Sharapova, Clijsters, Ivanovic Rising
Despite all the upsets that have occurred this week, the surviving women to make it to the quarterfinal round represented six of the Top 25 players with only unseeded qualifier Akgul Amanmuradova crashing the party with a ranking of 114. The other mild surprise to make it to the quarterfinals was 62nd-ranked Ana Ivanovic. But since she was a former world's # 1-ranked player, it wasn't a complete surprise that she made it this far in this event. Still, she has made it to only two semifinals this year: Brisbane at the start of the season (lost to Justine Henin 3-6, 2-6) and in Rome, where she lost to Maria Jose Martinez Sanchez 4-6, 2-6. After a match this week, Ivanovic suggested that being unranked and drawing a tough first and second-round match had a lot to do with her mediocre results.
There was a minor controversy involving Ivanovic this week when she turned down a wild card into the Rogers Cup that is being contested next week in Montreal. Apparently, there is a little bit of drama involved as well as some hurt feelings on the part of Ivanovic towards the Rogers Cup. The short version of the story involves her requesting a wild card several months ago, then being publicly rejected by the tournament organizers. Then, as her ranking started to rise, they decided to grant her request only to find out that she had made different plans. Instead of playing Montreal as she originally had planned, that week will now be devoted to practice before participating in the Pilot Pen tournament in New Haven, CT just prior to the start of the U.S. Open.
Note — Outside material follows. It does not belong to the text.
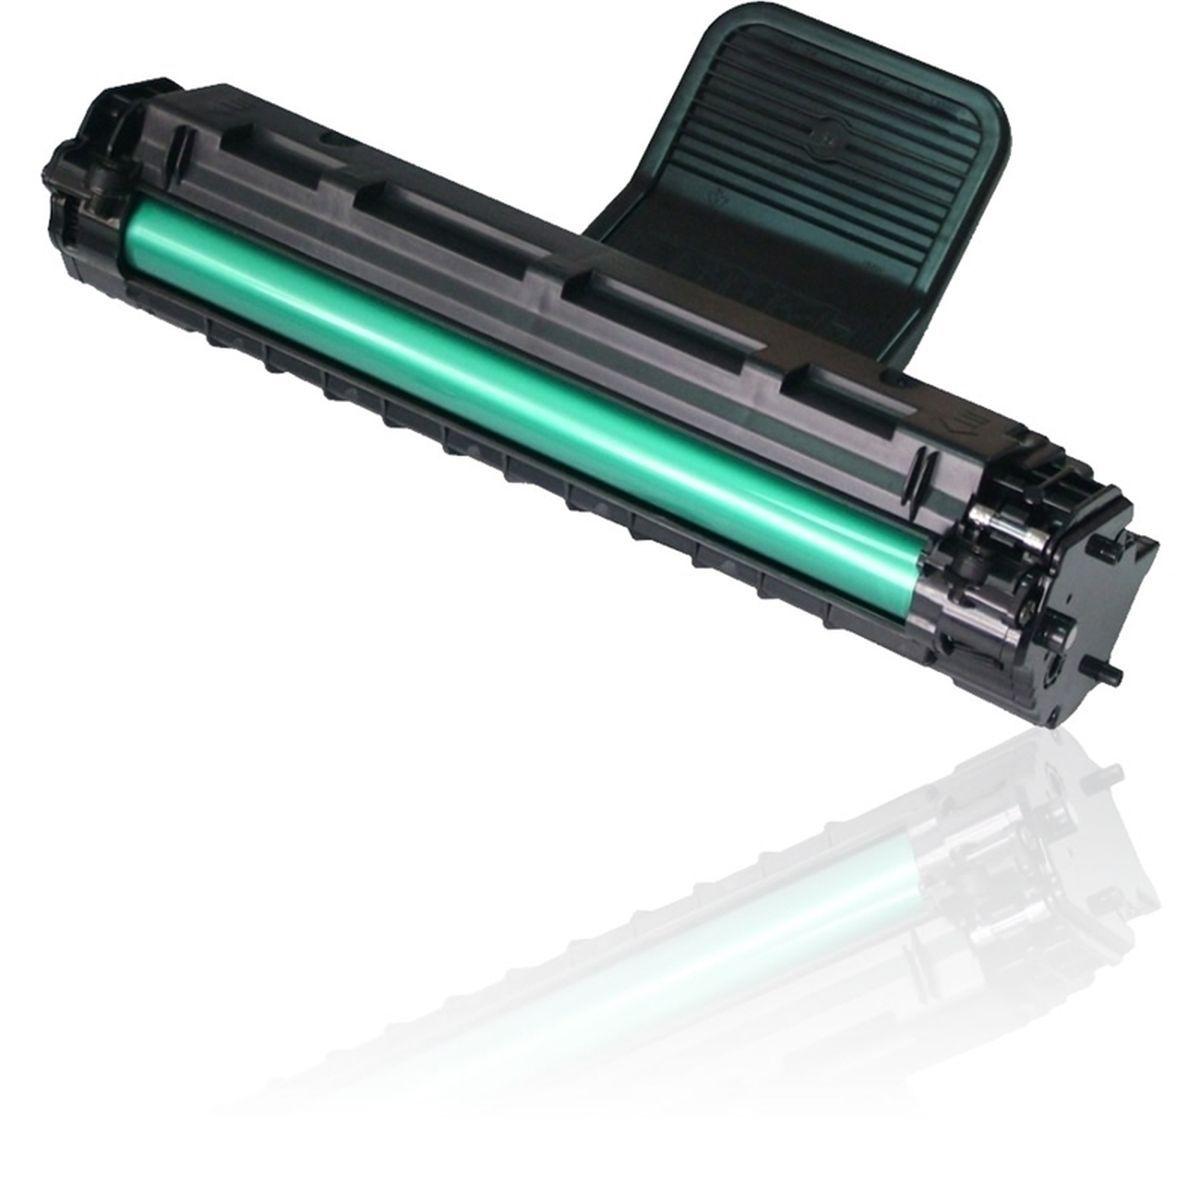 Toner compatível XEROX 3200 3200N 3200 MFP | 113R00730 113R730 - 3.000 Páginas - Cartucho & Cia

"When you're not playing well and when you're ranked low, you need friends who can help you and not remind you of your poor form in the press as well," Ivanovic said. "It's been a little bit disappointing the way it was handled. I understand why they declined it at first so I went ahead and made out a different schedule by substituting New Haven in place of Montreal. They (tournament officials at New Haven) were really kind to give me a wild card there," Ivanovic noted. "But not playing Montreal this year is somewhat disappointing. You know, it's a pity, because Montreal was my first big win and I love the fans there. I'm gonna miss them this year. But tournament officials made me feel a little bit unwelcome. I felt like I had done enough to merit a wild card when I first asked them about it," Ivanovic continued.
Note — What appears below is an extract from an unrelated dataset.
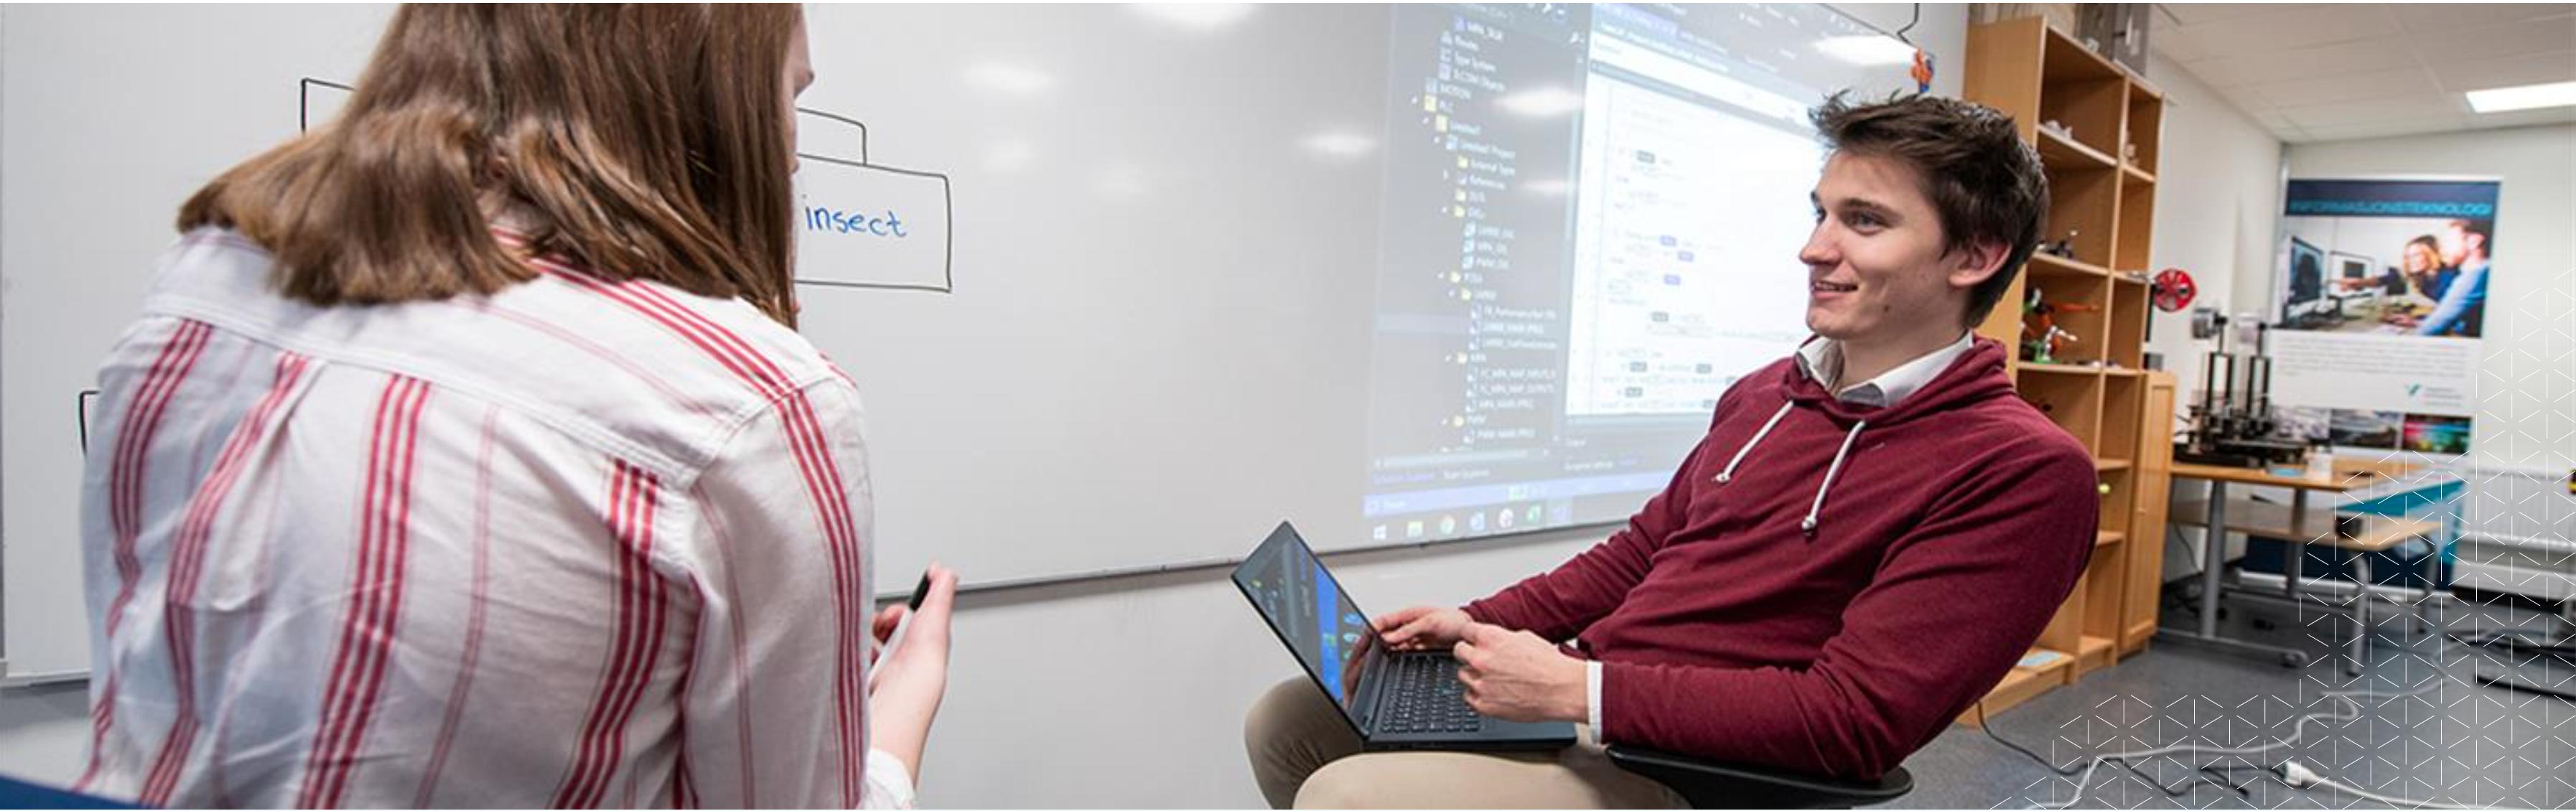 Studentpraksis - få deltidsjobb ved å studere Informasjonsteknolgi i Førde

"I mean, especially with what happened back in 2008. I really changed my schedule to accommodate them. As you recall, it was an Olympic year. The tournament director (at Montreal) approached me and asked if I could come over and play because they were struggling to get players. At the time, I was struggling a little bit with some injuries and I flew there from Europe just so that I could play their event. I did that because I felt that as defending champion in Montreal (where she beat Martina Hingis in 2006, 6-2, 6-3 as the Rogers Cup alternates between Toronto and Montreal each year), I should be there. After playing there, I then had to fly back to Europe and on to China. So, after all that and winning there to get my original request turned down was rather upsetting and hurtful to me," Ivanovic concluded.
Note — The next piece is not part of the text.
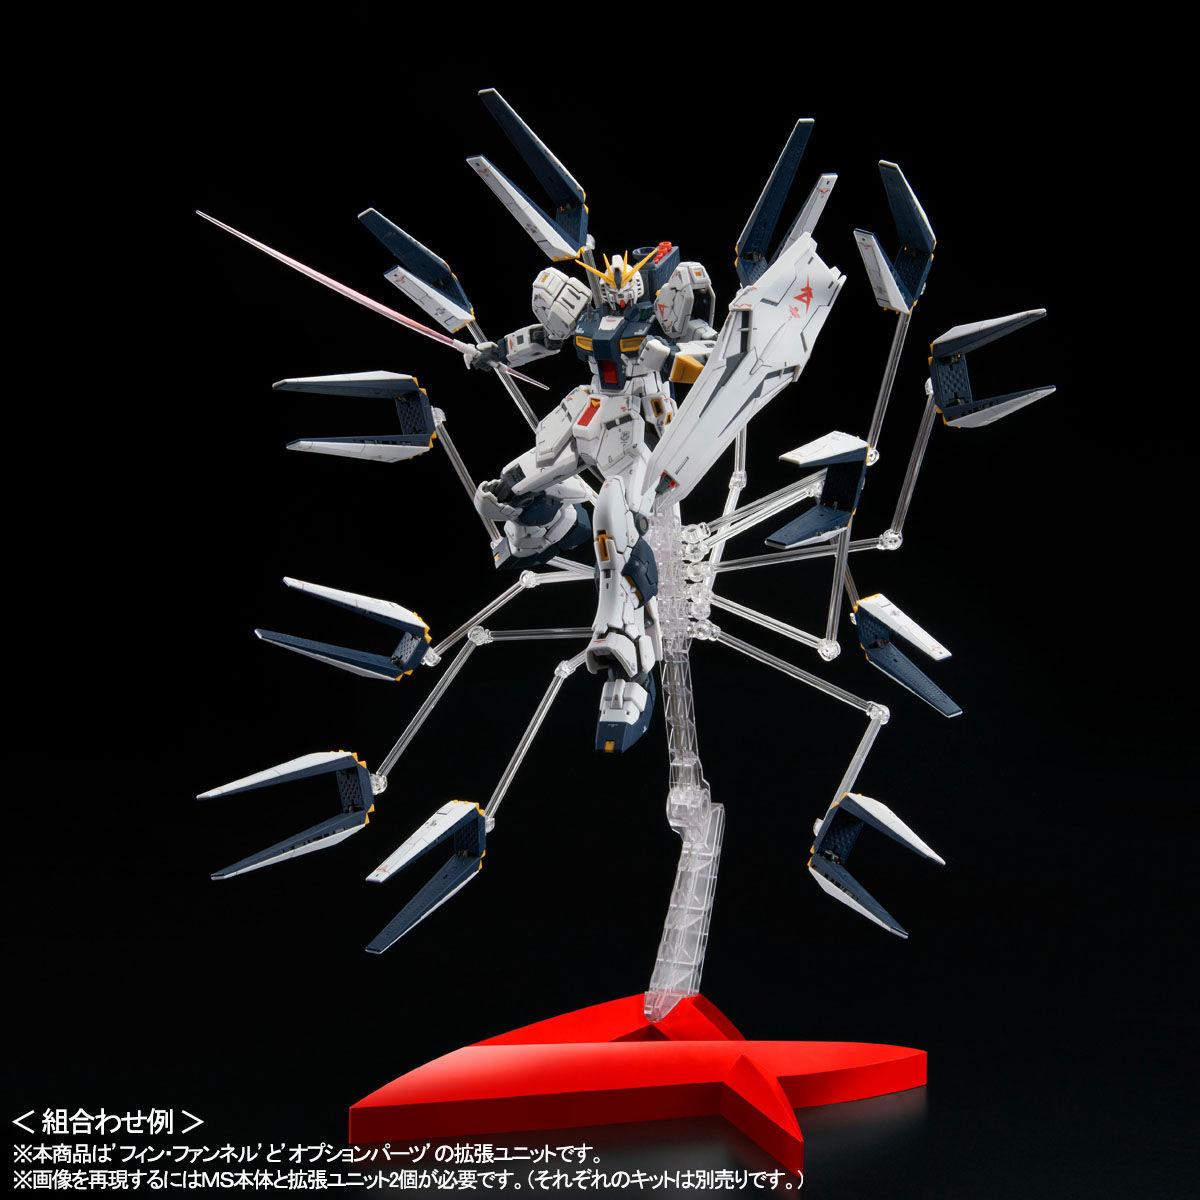 RG 1/144『νガンダム用ダブル・フィン・ファンネル拡張ユニット』逆襲のシャア プラモデル-008

While she made it clear that she felt no ill will towards the tennis fans in Montreal, she hinted that it might take an apology from the tournament organizers there to ever get her to play in Montreal again. "I just want to thank the Montreal tennis fans for their support, because I always felt very welcome from their side. It was always a very warm feeling to come back there. I remember the first year I won there. We played on Monday and they all came out to watch us play. It was really a thrilling moment for me, so I'm gonna miss them a lot. Actually, the last time I was there (in 2008), a fan gave me a shirt like, "I love Montreal" with an Adidas logo on it. So I have good memories there. But, you know, it's gonna be unfortunate that this year I won't be there," Ivanovic said.
The first quarterfinal of the day featured Yanina Wickmayer vs. Anastasia Pavlyuchenkova. This was their first match that either one had played against the other, so there was probably a little bit of a "feeling out" process as each one probed the other's game to figure out how best to attack their opponent. This match was probably affected the most by the heat and humidity. The heat index rule came into play which caused a 10-minute delay between the second and third sets. This match was prone to several streaks of inconsistency by both players. Wickmayer took the early lead in the first set by breaking Pavlyuchenkova's serve twice to go up 5-2 in the first only to get broken in the next three service games to lose the first set 5-7. Wickmayer did not say much in English to explain her loss today, but expounded a lot to the Flemish reporters. Since I don't understand that language, I asked them what she said. They replied that she told them that she lost some feeling in her legs at 5-1 in the first when she was up. That would explain why she dropped six straight games to lose the first set. You could tell from her body language in the press conference that she was not happy with herself. But to her credit, she did not give up and increased her level of play early in the second. She broke Anastasia in her first two service games of the second set, then held on to win that set 6-3 after losing her insurance break by getting broken at 5-1.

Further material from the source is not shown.